We have analysed our dialect data using multivariate methods for data analysis. We describe here a few such methods: principal components analysis (PCA), independent component analysis (ICA), multidimensional scaling (MDS), and clustering. These are all standard methods in the field of data analysis, and can be found in a number of text books (e.g. Hand et al., 2001Go; Hastie et al., 2001Go; Hyvärinen et al., 2001Go). However, while some of these methods have been successfully applied to analyse dialect data, e.g. by Shakelton (2005), applying them to this kind of data is not always straightforward; therefore it is useful to discuss them here in some detail. Furthermore, when applied to the raw data, multidimensional scaling and clustering do not perform very well. This is due to the uneven sampling rate of the data: as described in Section 2.1, the number of words collected from each municipality varies a lot. This problem can be overcomed by preprocessing the data in an appropriate manner, as described in Section 3.3.

3.1 Principal components analysis
The aim of PCA (Hotelling, 1933Go) is to capture the intrinsic variability in the data. We seek to find a combination of features, in our case of municipalities, which explains the variance in the data as well as possible. This is the first principal component. We then proceed by repeatedly looking for a combination of features which is uncorrelated with all of the previous principal components and which explains as much of the remaining variance in the data as possible.

In our case each principal component is a vector, the elements of which correspond to the municipalities. The weight of each element is computed so that a maximal amount of the unexplained variation in the data is captured by the principal component. Thus, each element describes the role of the municipality in the corresponding principal component, and the principal component itself describes the variation in the data.

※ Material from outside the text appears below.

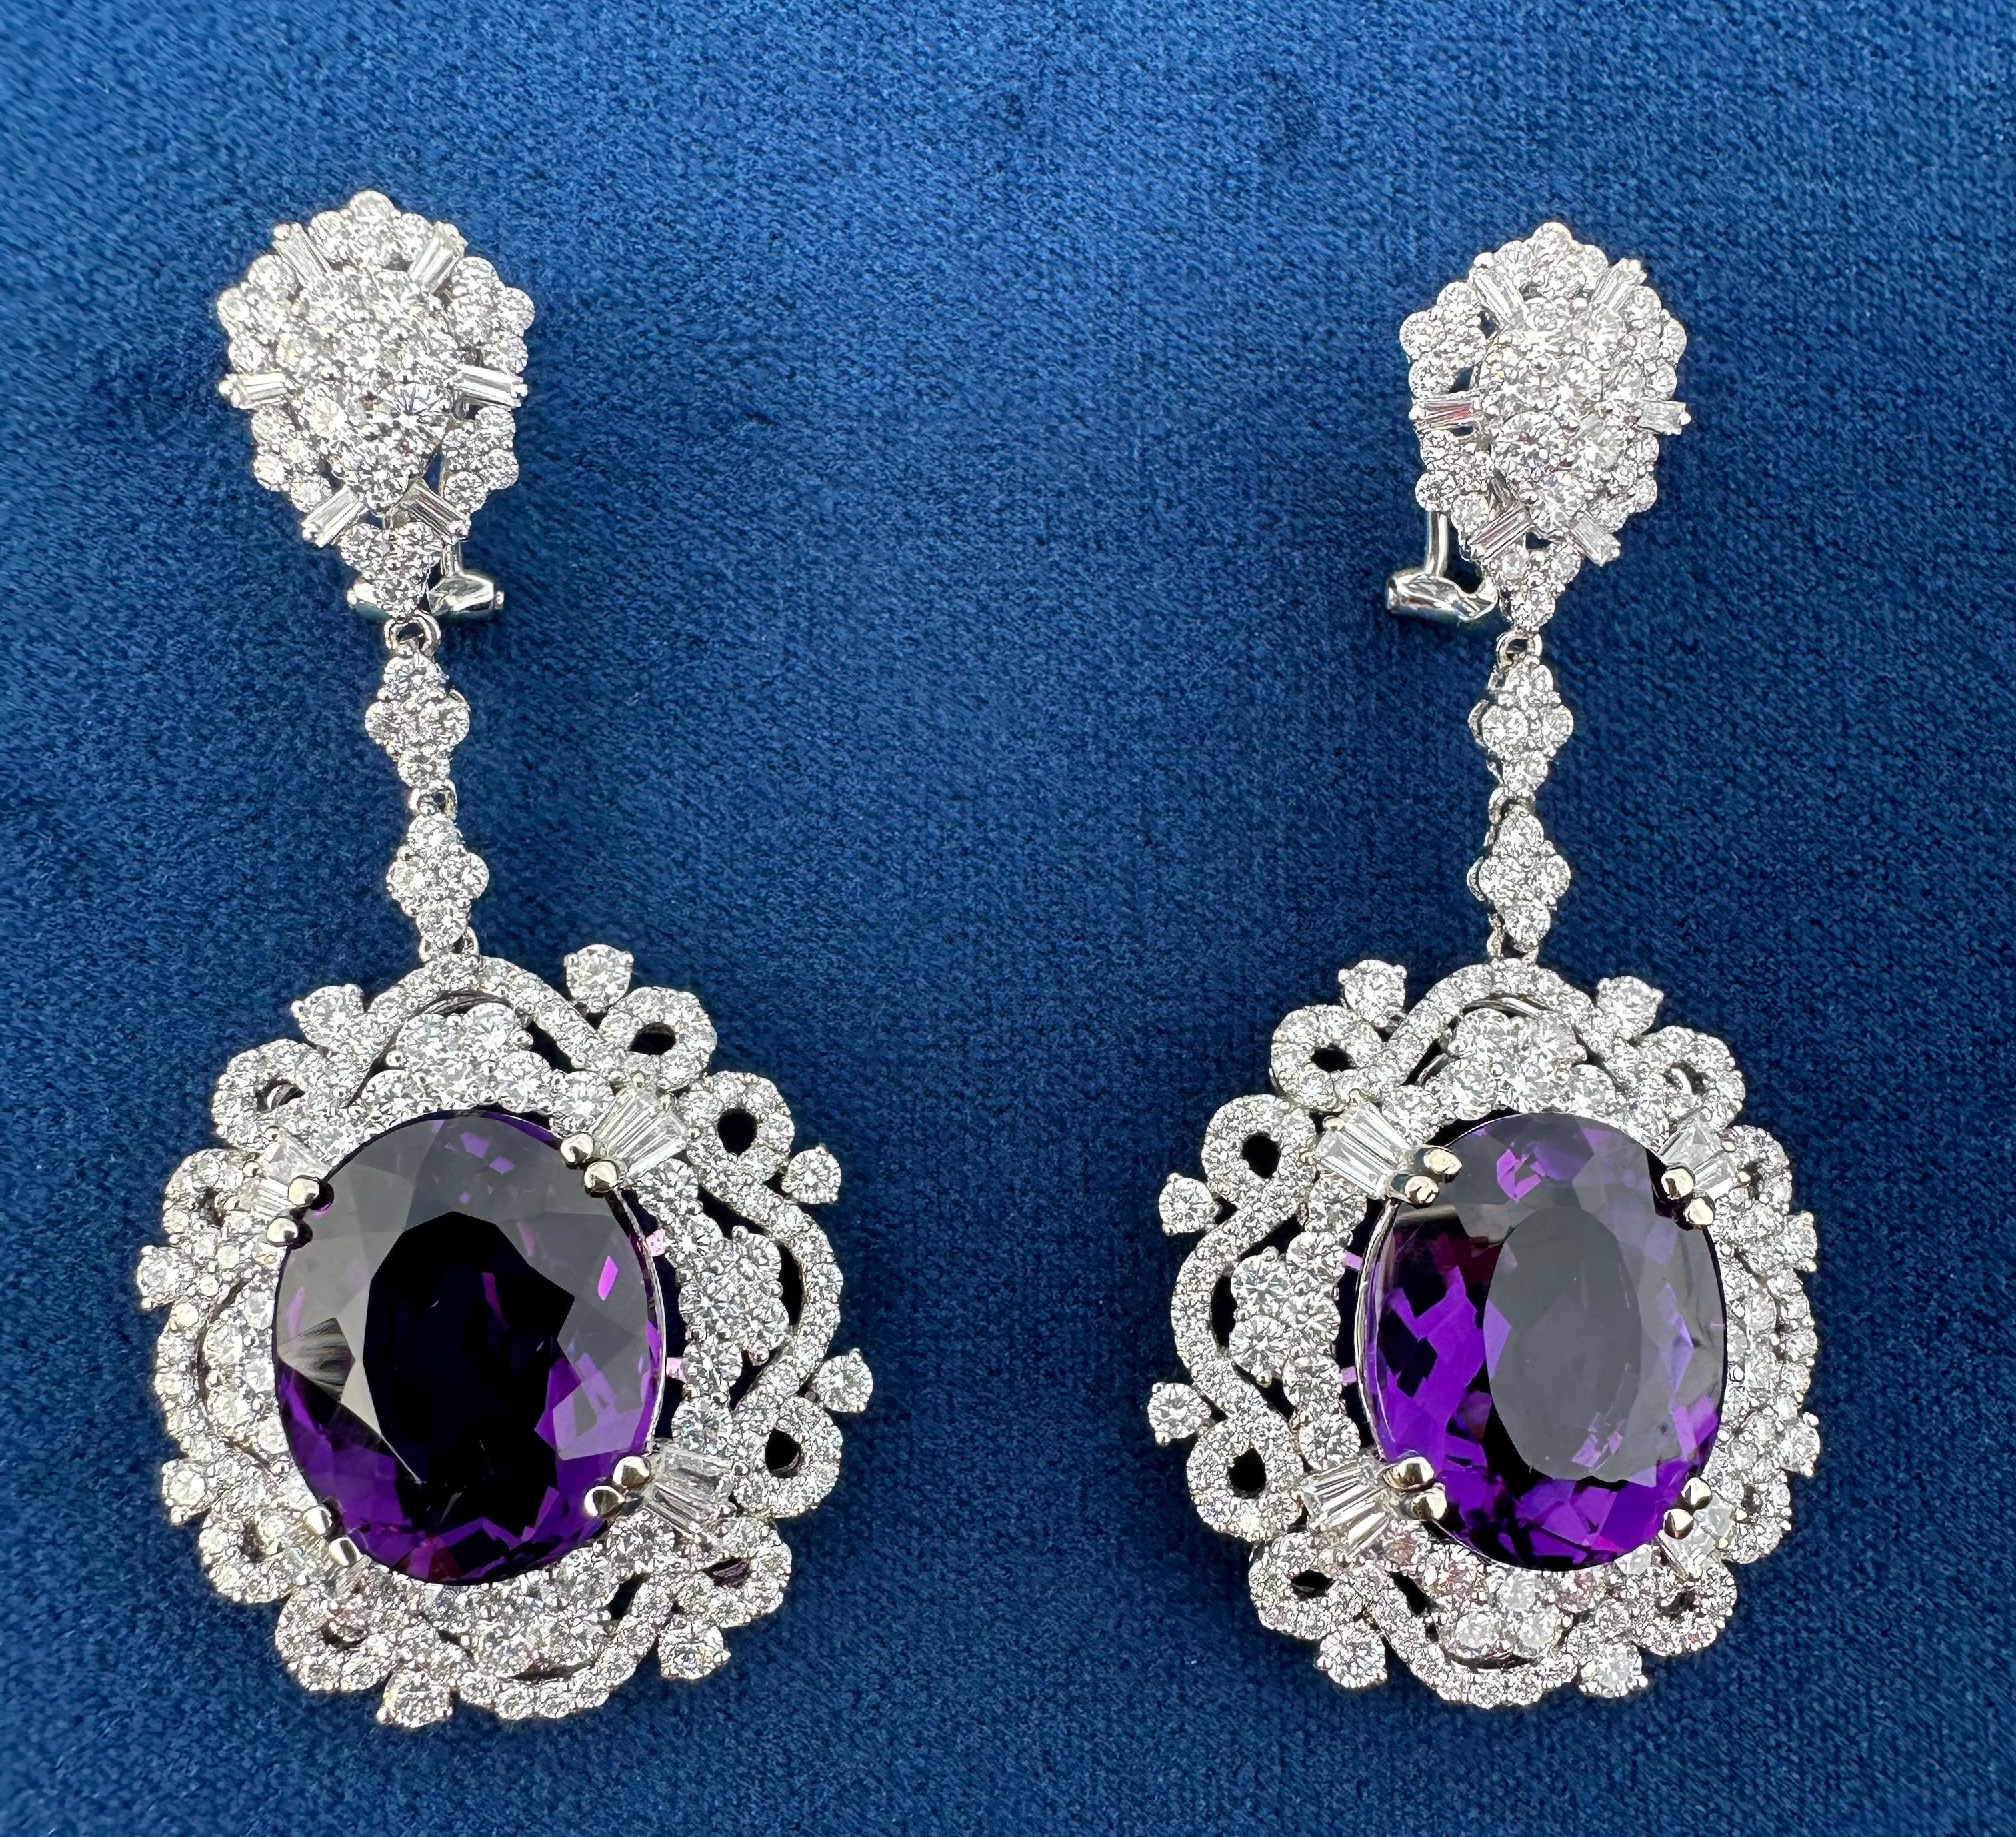 Exquisite Pair of 42.49 Carat Amethyst and Diamond 18K White Gold Earrings For Sale 1
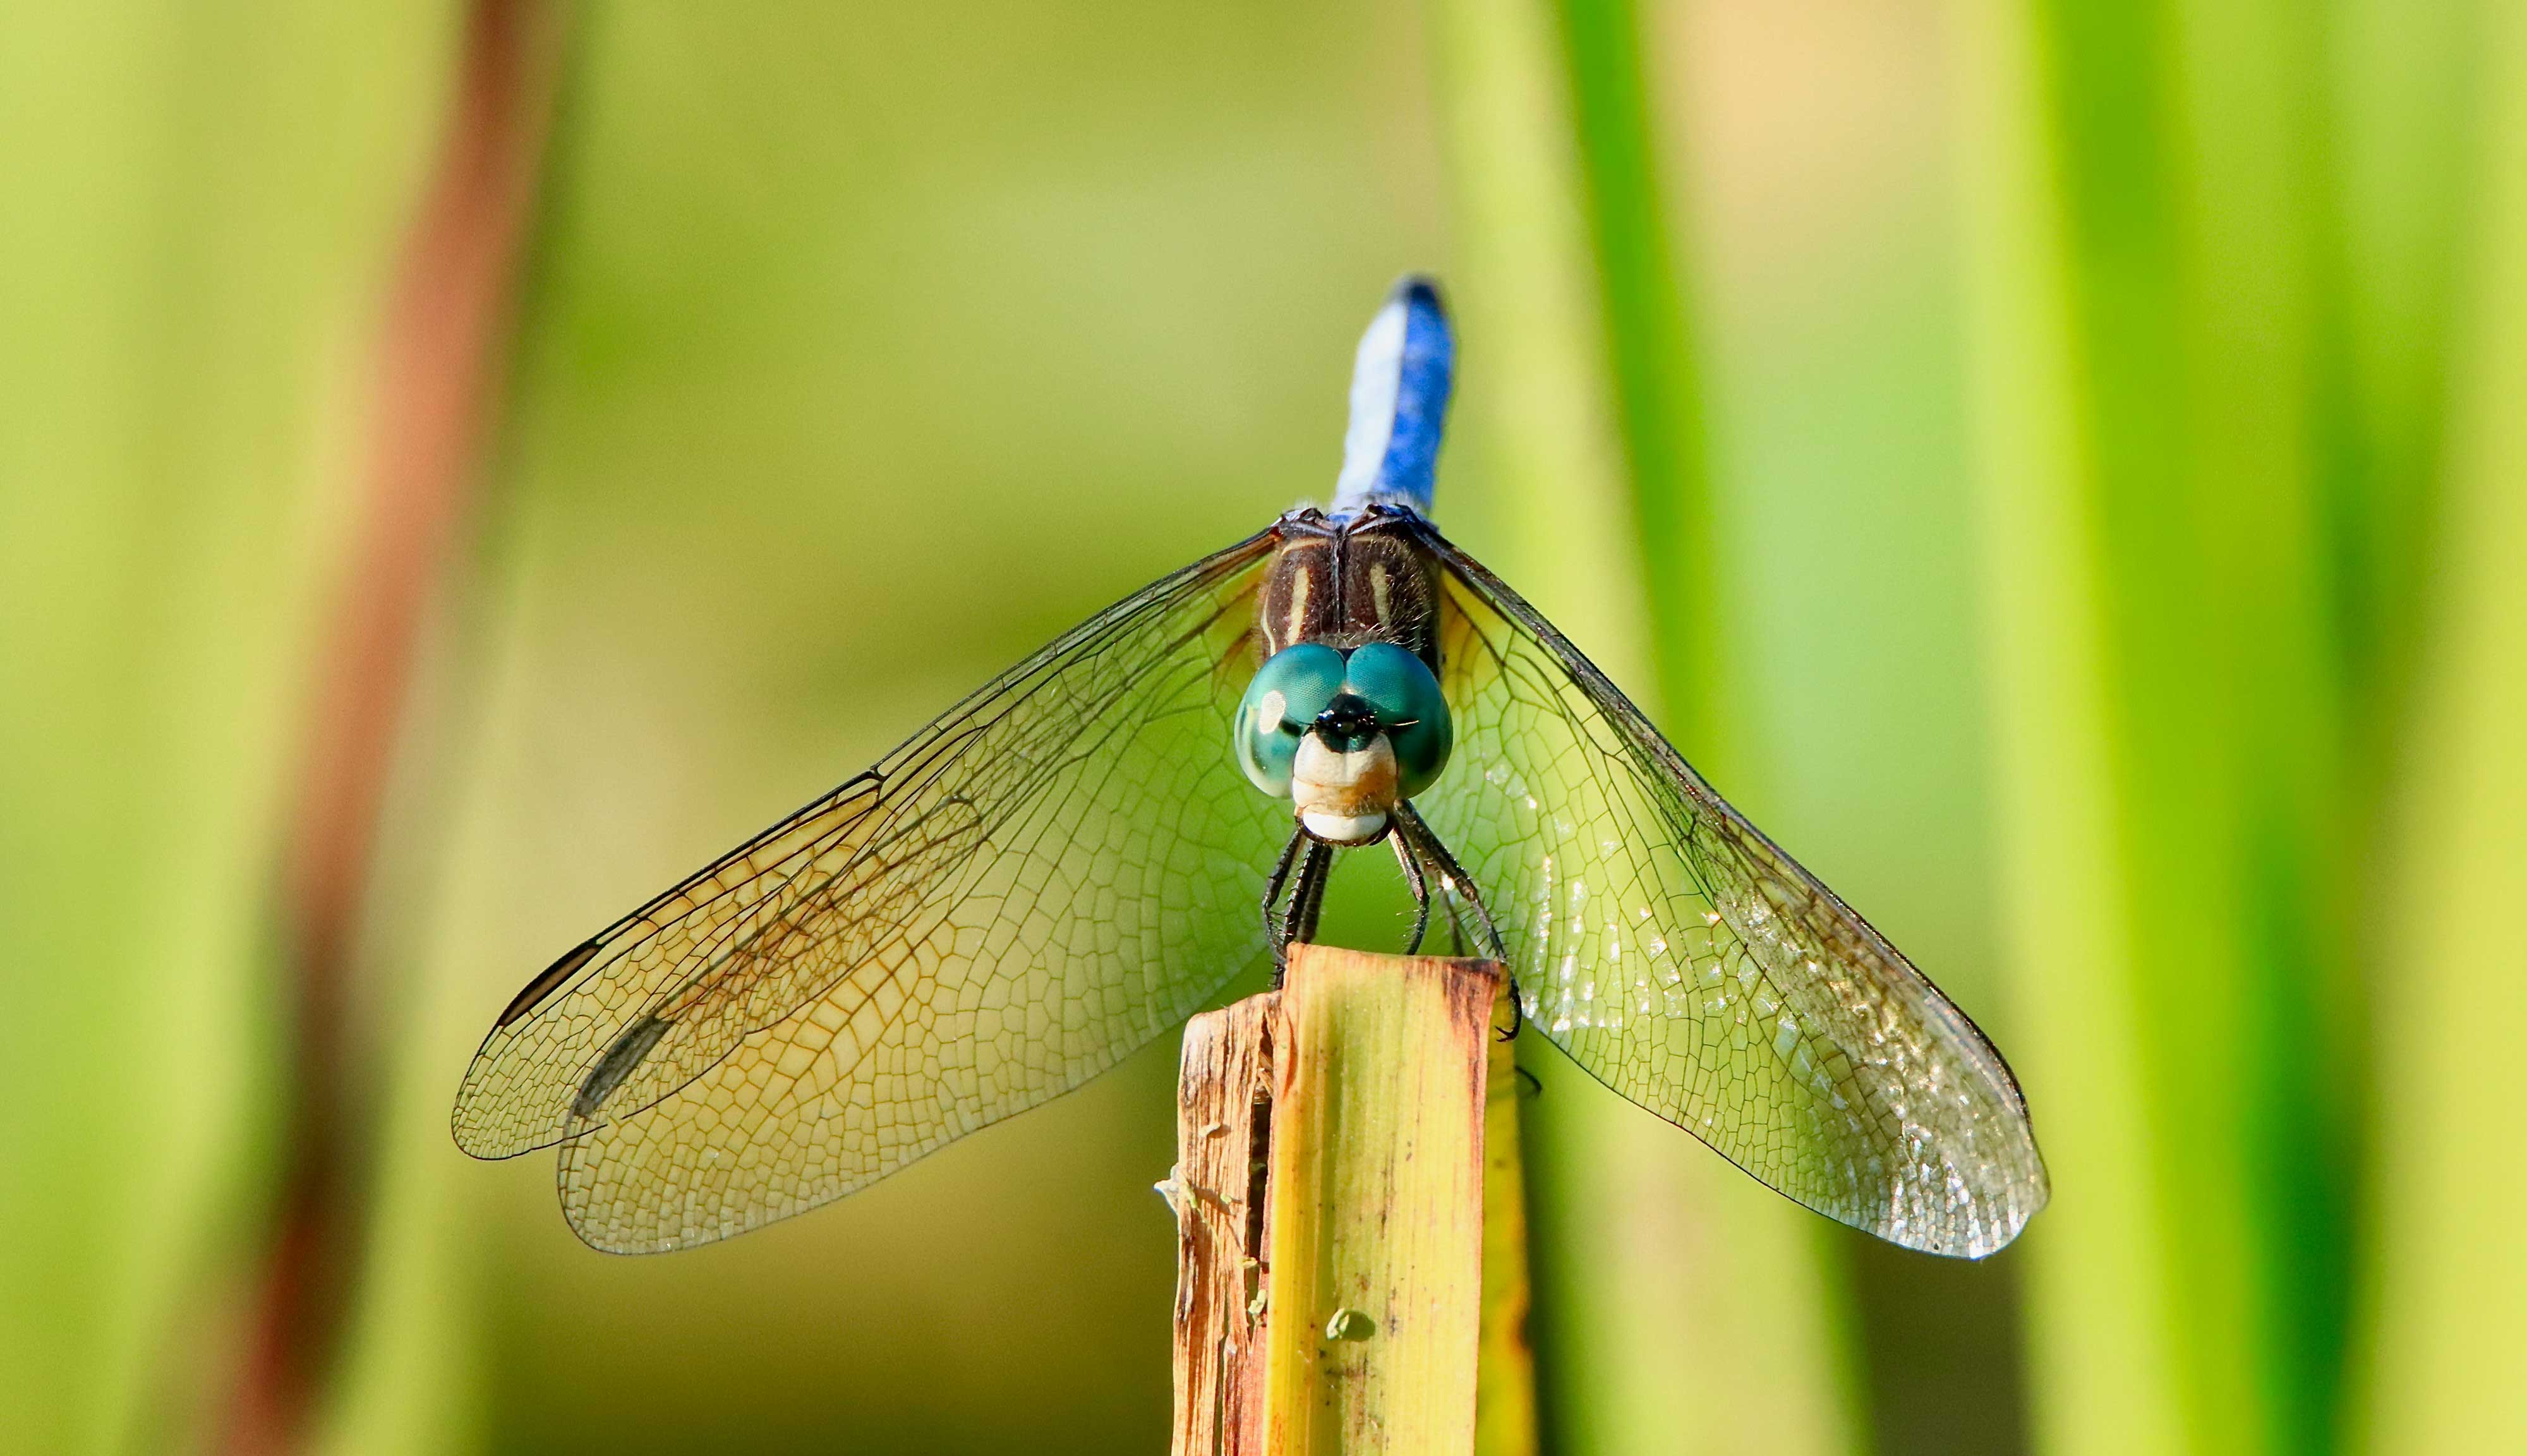 A close-up of a dragonfly on vegetation.

For example, if we apply PCA to the sample data given in Table 1, we get the principal components given in Table 2. The first principal component, explaining 75% of the variation in the data, separates the western municipalities (negative values) from the eastern ones (positive values). The second principal component, explaining the remaining 25% of the variation in the data, captures the difference between the two western municipalities Aura and Vihti.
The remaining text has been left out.